Considering the turmoil and strife of the last year, Handelman reports that HUD’s multifamily portfolio is in good shape. At the beginning of 2021, only 159 of 14,700 loans were in default (that is a tad over 1 percent) and there have been no new forbearance agreements since September. Interest rate reductions, meanwhile, have surged 1,000 percent in fiscal year 2020 in comparison to 2019, while new loan applications are double what they were a year ago. The massive federal outlays for social assistance in the last year have helped the office’s work, too, with $800 million in Coronavirus Aid, Relief, and Economic Security (CARES) Act funds going to over 16,600 Section 8 project-based rental assistance contracts to help counteract declines in income and rent.

Handelman also celebrated the effects of the Rental Assistance Demonstration (RAD) project on the remnants of the traditional public housing program, which has seen plummeting federal investment under both Democratic and Republican administrations. RAD brings private capital into the program, giving buildings over to nonprofit or for-profit entities and giving them an incentive to fix up the underinvested buildings. Heavy regulations are meant to ensure that any units demolished are replaced and that the tenants are protected.

There have been 146,000 units of public housing that have gone through the program. Handelman said that if housing authorities had relied on the public housing capital program, it would have taken 34 years to fix what has been upgraded in RAD’s seven years of existence.
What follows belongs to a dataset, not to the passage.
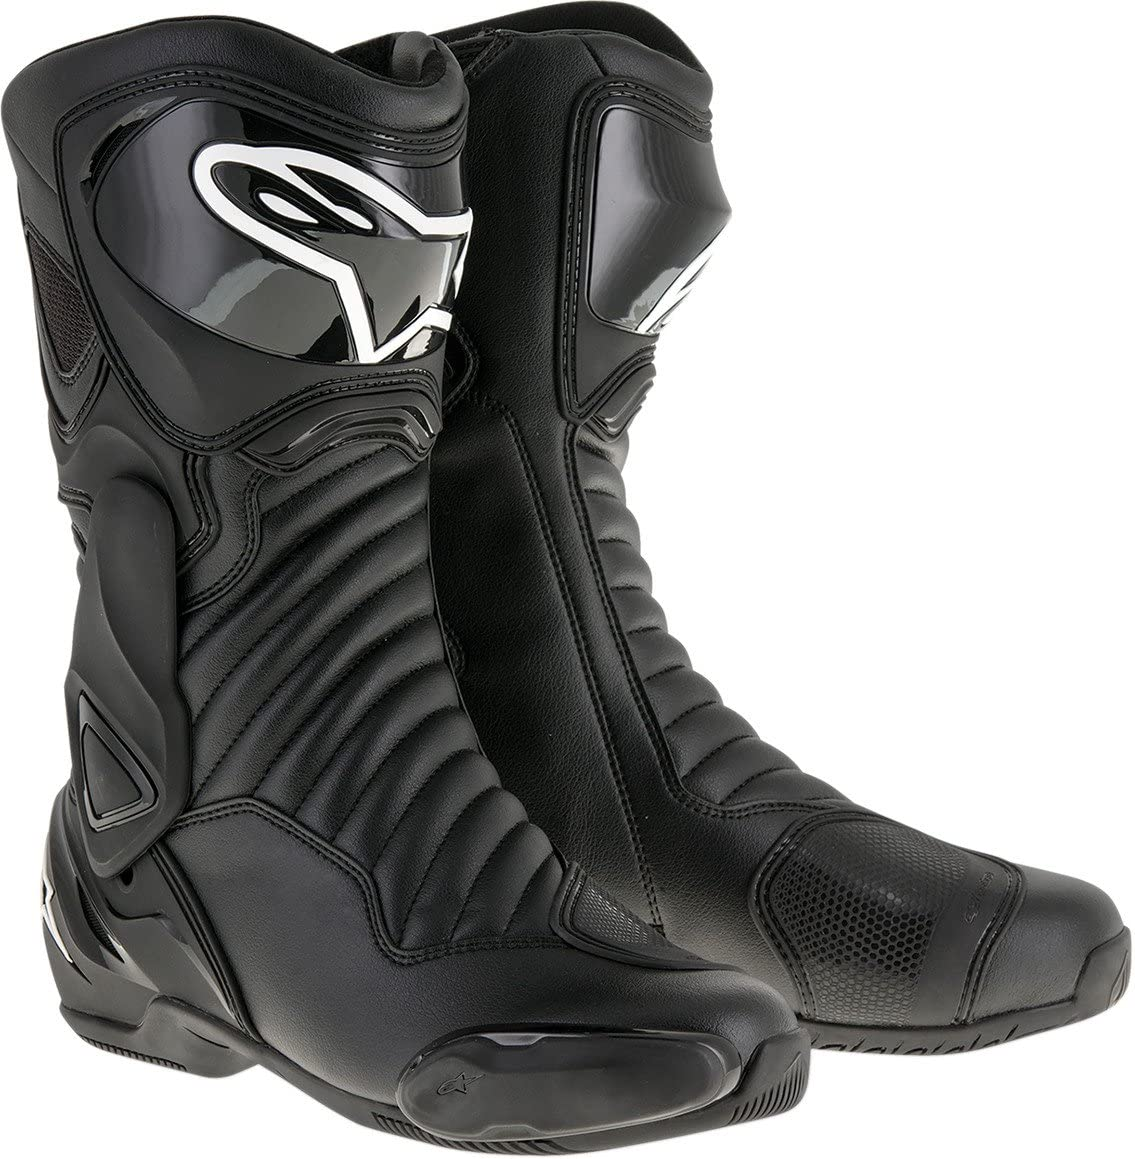 Alpinestars Mens 2223017-1100-46 Boots Black, Size 46

Higher rent levels for RAD properties were approved at the end of last year, which means that there will be more money for repairs if management companies lock in these levels today, he said.

The ULI audience peppered Handelman with questions after his talk, touching on everything from mandatory parking minimums to affirmatively furthering fair housing rule. In many instances, the deputy undersecretary plead that he had not yet had time to delve into every policy question yet because he had only been in his new position for only a month. But he also made sure to emphasize that America’s pervasive local rules that discourage development, and choke off the housing supply, are a huge problem that nifty fixes like modular housing cannot address on their own.
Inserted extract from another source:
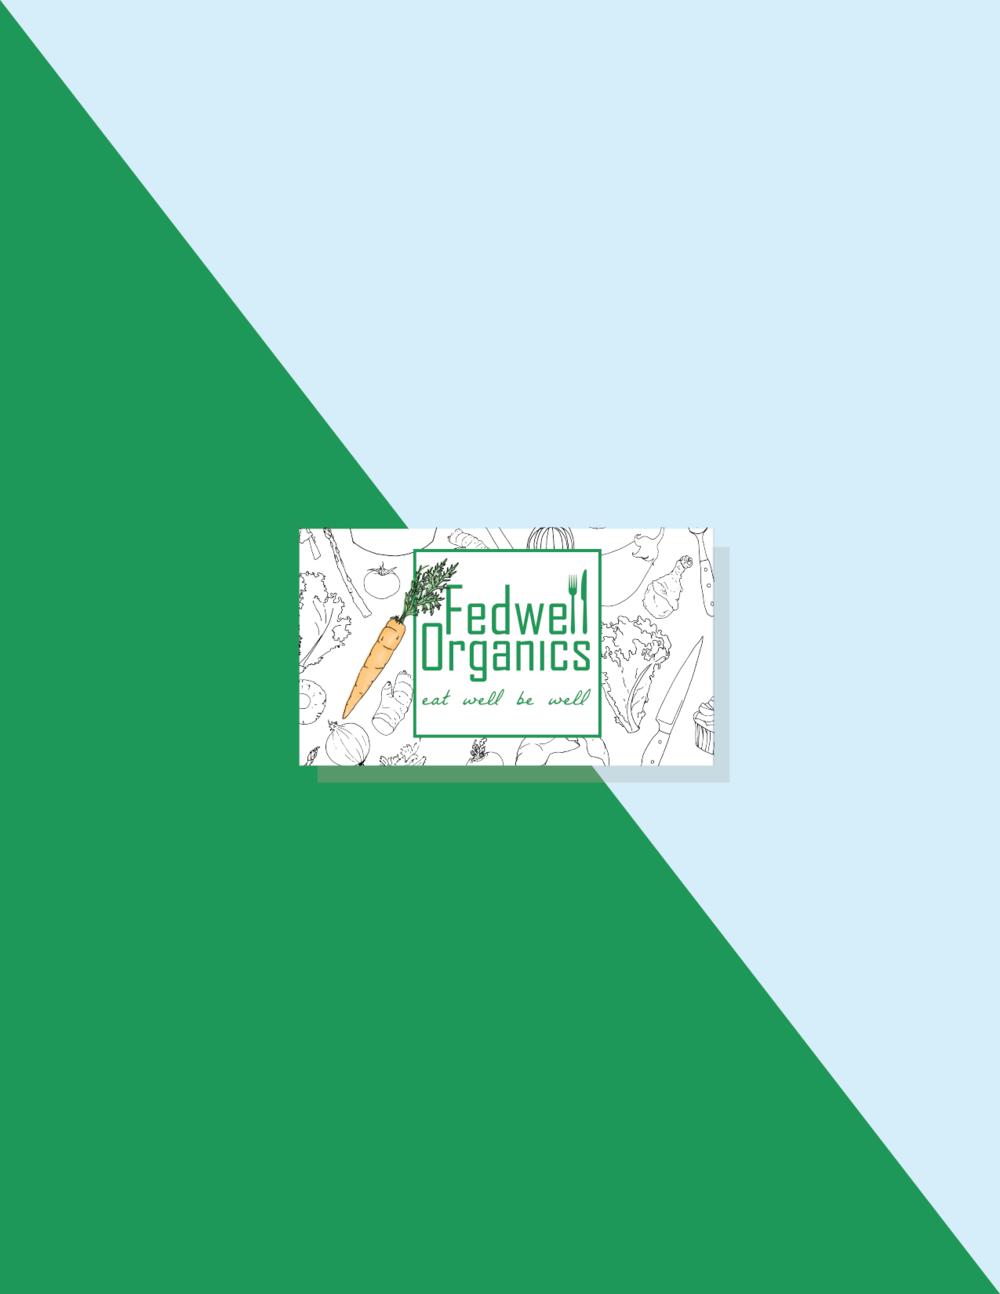 business card pic fedwell organics-01.png

He also positioned himself, and HUD, outside a debate in the affordable housing community over whether scarce resources should be invested in higher-income areas, to foster integration and opportunity, or in lower-income areas where the bulk of those who need help already live.

“It’s not a question of do we focus all our efforts on places of high opportunity or all our efforts on improving places of less opportunity,” Handelman said. “It’s really about creating more good choices for people. It shouldn’t be the case that the only way to get housing you want is to focus in one particular community that may not be where you grew up, where your kids are, where your job is.”